Today, it’s different.
We’re definitely seeing participation and adoption of bitcoin from an institutional standpoint, says Boggiano, who cites Elon Musk, MicroStrategy, Visa and Mastercard, as well as donations from major institutions like Harvard, Stanford and Yale, as recent supporters of the conversion. There is even interest at various national levels, such as in China and the United States, which are working on the yuan and the digital dollar respectively.
I think there is a natural and healthy competition between bitcoin and monetary policy in the US and other countries. This competition is a good thing because it forces countries to think about their economic system.
We will experience significant adjustments and changes over the next three to five years – the economy will be different, she says confidently.
One question that arises is whether some institutions feel they missed out on the cryptocurrency boom, as they were often discouraged from making a move in the early years due to the uncertainties involved. Mr. Boggiano does not consider this a missed opportunity, but an appropriate exercise in prudence. I think they are doing the reasonable analysis they need to do to protect their investors. I think you’ve seen more activity from props that don’t have to report to investors, she says.
I think for institutions, if there’s enough adoption, [if] the number of bitcoin wallets being used is significant, it’s much less likely to drop to zero.
According to Mr. Boggiano, it is important to protect the retail investors who play alongside the institutions. We have a very outdated financial system and regulatory process. I think there is a natural battle between innovation and protecting individuals.
Investments offered to retail investors would be subject to greater scrutiny than those only available to experienced investors, such as institutions and high net worth individuals, as they are expected to have a better understanding of investments and loss management. These safeguards are there to prevent fraud and forgery.
But Boggiano admits: This is primarily a retail asset class, which is very unusual – usually asset classes are managed by institutions.
More regulation, less privacy?
When it comes to bitcoin, I believe there is a moral imperative to develop a medium that promotes privacy while ensuring security, Boggiano says. While privacy is important to her, she believes that protecting individual investors and the general public is a higher priority.
An example of how profitable this system can be came to the fore during the Capitol Rebellion, when investigators tracked down Nick Fuentes, who had received 13.5 bitcoins from a foreign donor. According to Boggiano, this was an excellent demonstration of de-anonymizing bitcoin transactions by tracking digital breadcrumbs in the name of public safety.

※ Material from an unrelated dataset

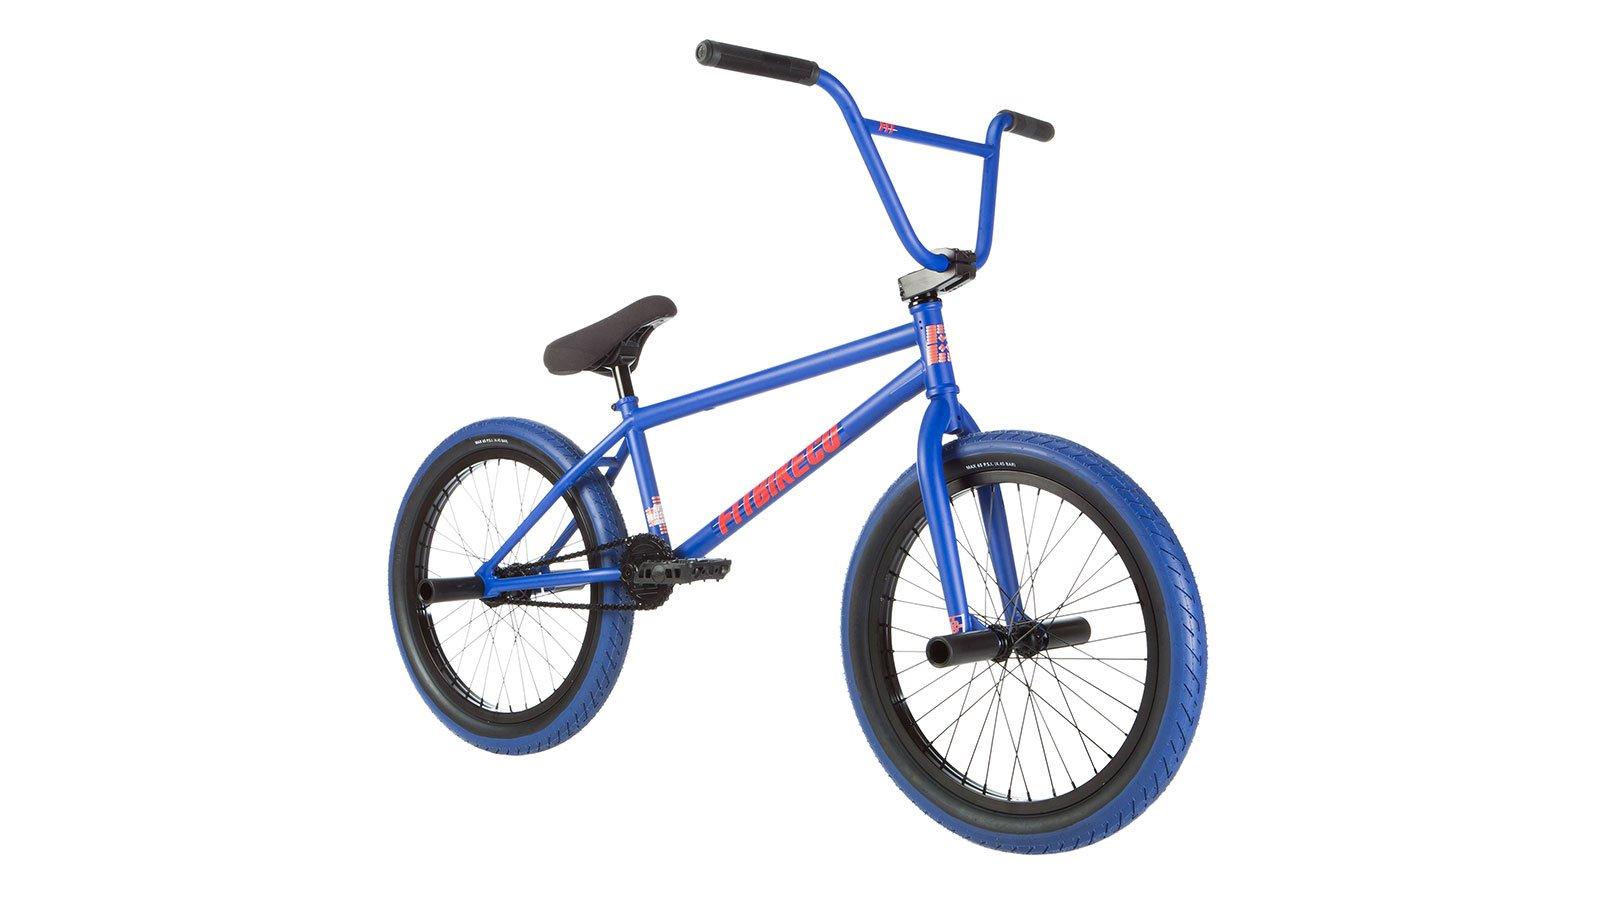 FIT Nordstrom FC 21 BMX bike

Coinbase is one of the companies that would help authorities keep tabs on these digital breadcrumbs by providing cryptographic monitoring services to US government agencies such as the Drug Enforcement Administration and the Internal Revenue Service.

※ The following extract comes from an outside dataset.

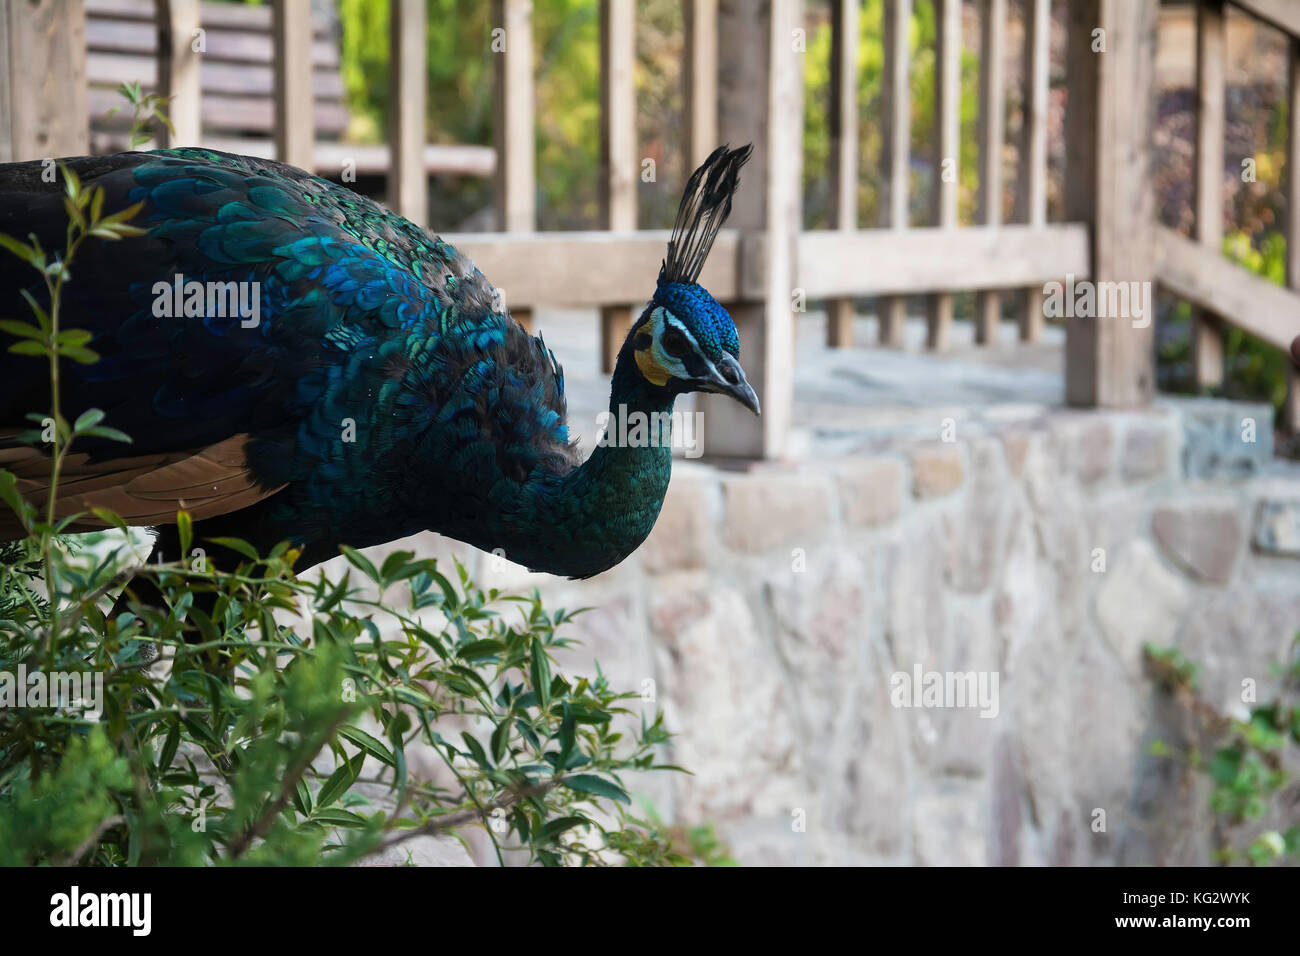 Peacock at Birds Park in Tehran City Area. - Stock Image

We really need to develop another way to protect people’s privacy and to be able to trace transactions related to human trafficking and drug cartels, because these are unacceptable industries.

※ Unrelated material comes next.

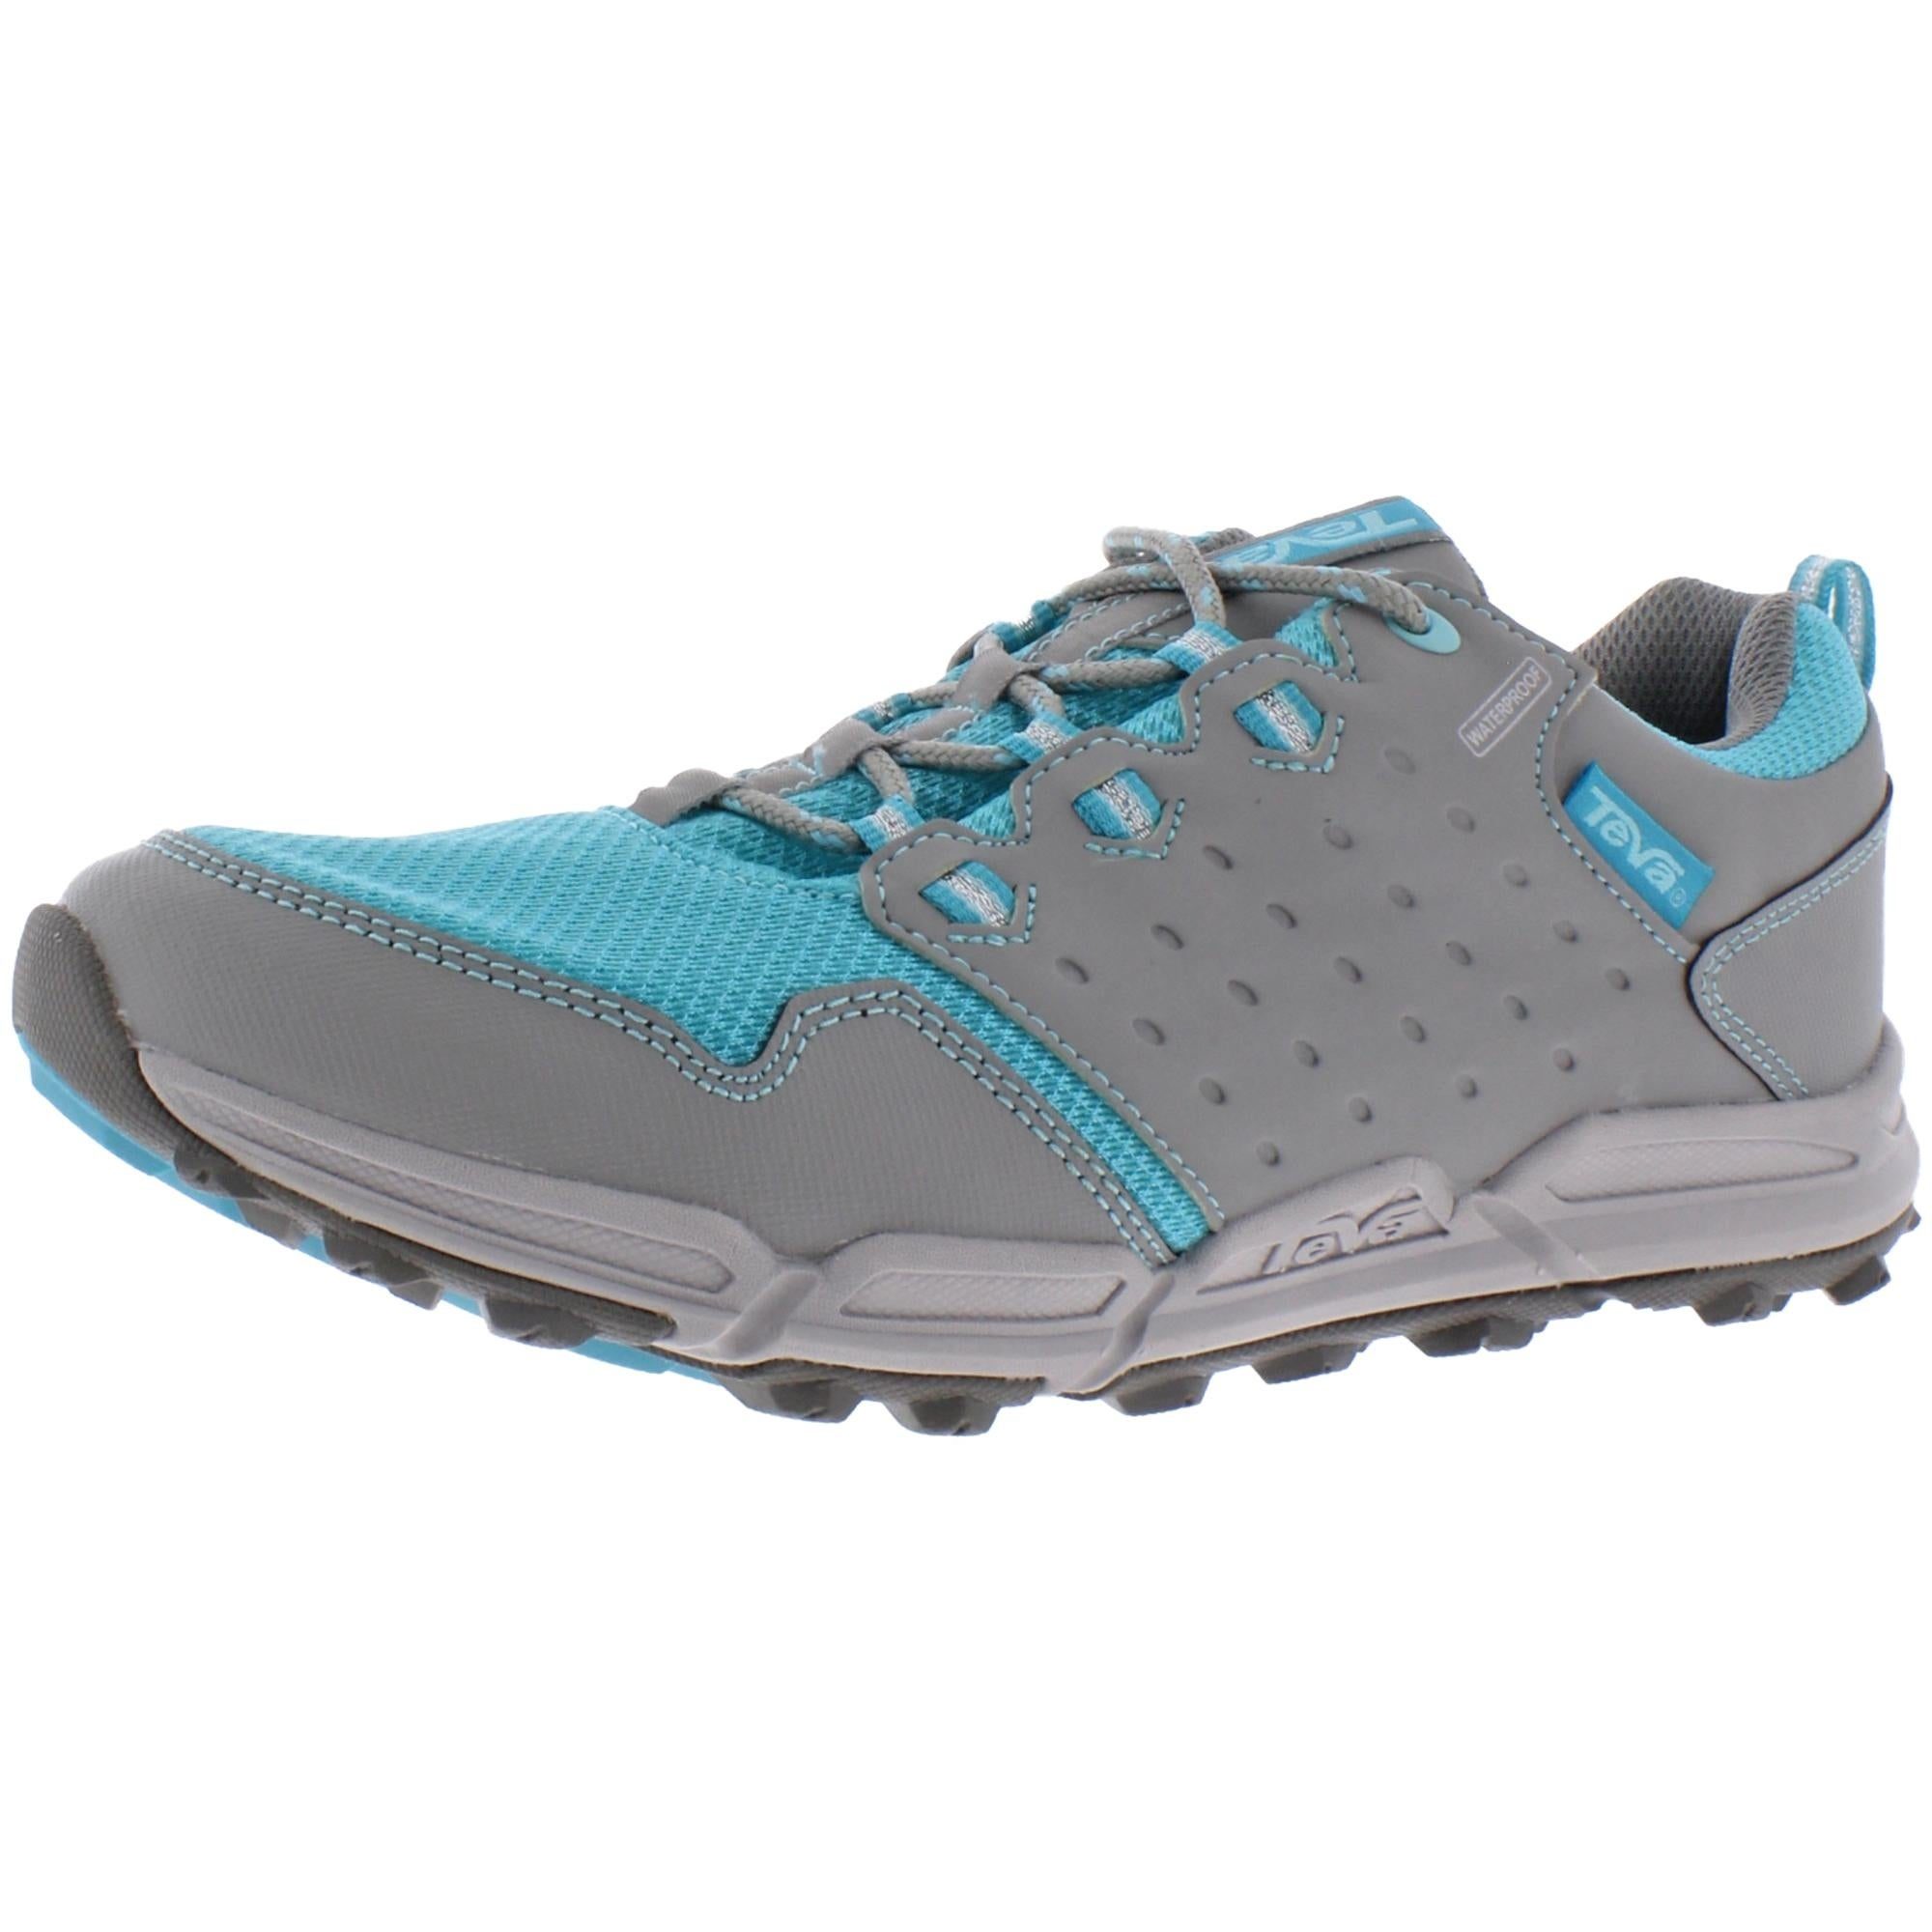 Shop Teva Girls J Wit Athletic Shoes

In some ways, Boggiano is the opposite of Eric Voorhees, a former Journeys interviewer and Bitcoin entrepreneur who also runs the exchange, who has said that institutions and governments are only there to limit people’s power over money.
While Voorhees’s vision reflects an individualistic conception of unfettered freedom, where collectivist institutions constrain the powerful and ambitious, Boggiano instead describes governments and regulations that were necessary to protect the weak, such as the Cofans in the Amazon who needed environmental regulations to keep their land free of oil waste.
If you let people decide, you get these power imbalances and that can be very devastating for people who are in a vulnerable position, she says.